Les nouvelles technologies sont largement utilisées en médecine. Les médecins artificiels voient les patients en consultation, posent des diagnostics, analysent les résultats, et aident les chirurgiens pendant les interventions.

Un des systèmes d’apprentissage automatique les plus connus dans le milieu de la santé est IBM Watson Health. Les médecins entraînent l’IA à diagnostiquer les maladies, et à prescrire un traitement. Watson Health a eu beaucoup de retours positifs. En 2013, par exemple, la probabilité qu’un superordinateur choisisse le traitement optimal était de 90 %.

Cependant, certaines révélations ont été faites au cours de l’été de 2018, puisque certains conseils donnés par le système en matière de traitement contre le cancer étaient dangereux. Par exemple, Watson a conseillé de donner à un patient atteint d’un cancer, et qui souffre d’hémorragies, un traitement qui provoquerait encore plus de saignements. Heureusement, ces cas n’étaient pas réels mais hypothétiques.

Il est vrai que les médecins humains commettent certaines erreurs, mais lorsque l’IA est impliquée, il est plus difficile de savoir qui est responsable. Est-ce qu’un médecin en chair et en os prendrait le risque de contredire un collègue numérique conçu par des personnes qui l’ont rempli de centaines de milliers d’articles scientifiques, de livres, et d’études de cas ? Si le médecin ne le fait pas, devrait-il assumer toutes les conséquences, même les négatives ?

L’IA doit être transparente

Un des principaux problèmes de l’utilisation de l’IA pour dire quel sera le destin de l’humanité, est que les algorithmes sont souvent obscurs, et qu’il est très difficile d’identifier l’origine des erreurs pour éviter qu’elles ne se reproduisent. Si l’on adopte la position des développeurs de ces systèmes d’apprentissage autonome, cette situation est compréhensible : Qui accepte de partager son savoir-faire avec d’éventuels concurrents ? Les secrets commerciaux devraient-ils être si importants lorsque la vie des gens est en jeu ?
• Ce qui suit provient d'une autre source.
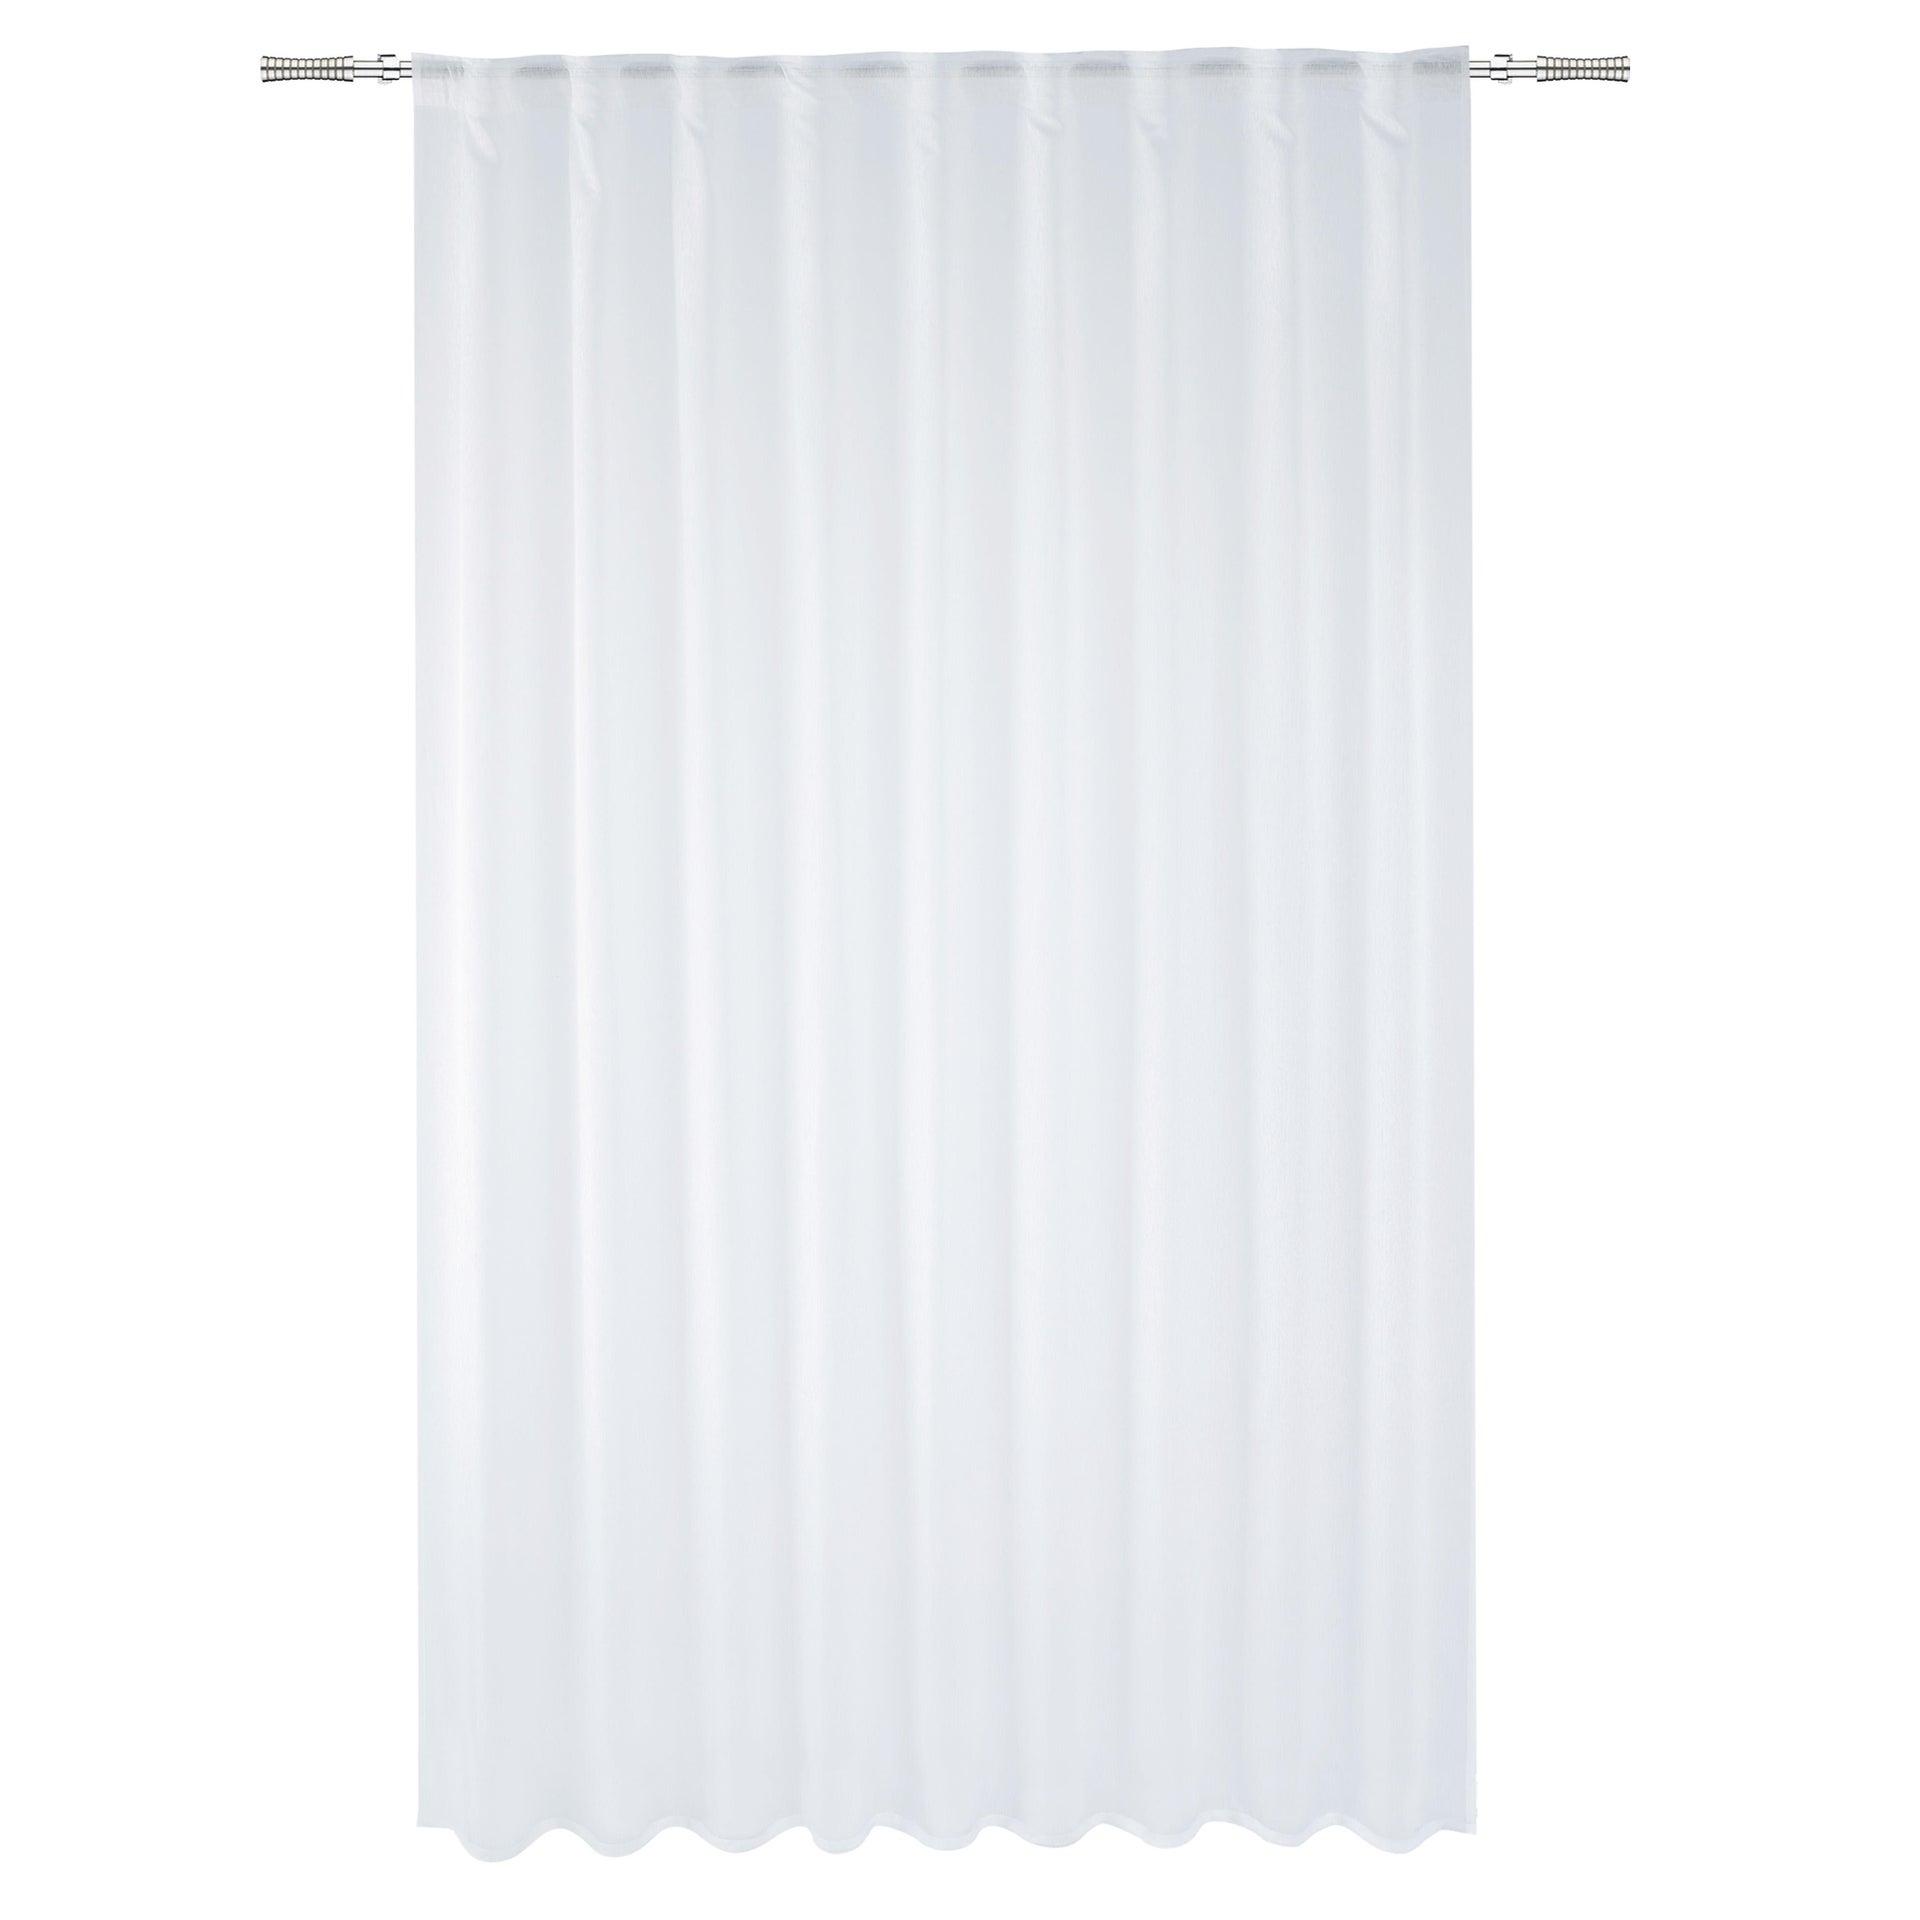 Tenda INSPIRE Softy bianco fettuccia e passanti 200 x 280 cm - 5

Les hommes politiques du monde entier essaient de voir quelle attitude adopter vis-à-vis de la réglementation de l’IA peu transparente. Au sein de l’Union européenne, les « personnes concernées » ont le droit de savoir sur quels critères reposent ces décisions, prises par l’IA, et qui affectent leurs intérêts. Le Japon s’est engagé sur cette même voie, mais la loi en question est encore en cours de discussion.

Quelques développeurs sont favorables à la transparence, mais ils sont plutôt rares à ce jour. C’est notamment le cas de l’entreprise technologique CivicScape, qui a révélé en 2017 le code source de son système de prévision policière. Cette situation demeure l’exception, et non la règle.

Maintenant que le génie de l’IA est sorti de sa lampe, il est peu probable que l’humanité fasse marche arrière. Cela signifie que tant qu’il sera impossible de prouver que les décisions prises par l’IA sont impartiales et justes, l’utilisation de l’IA doit reposer sur des lois bien conçues, et sur les compétences des créateurs et des utilisateurs de ces systèmes d’apprentissage autonome.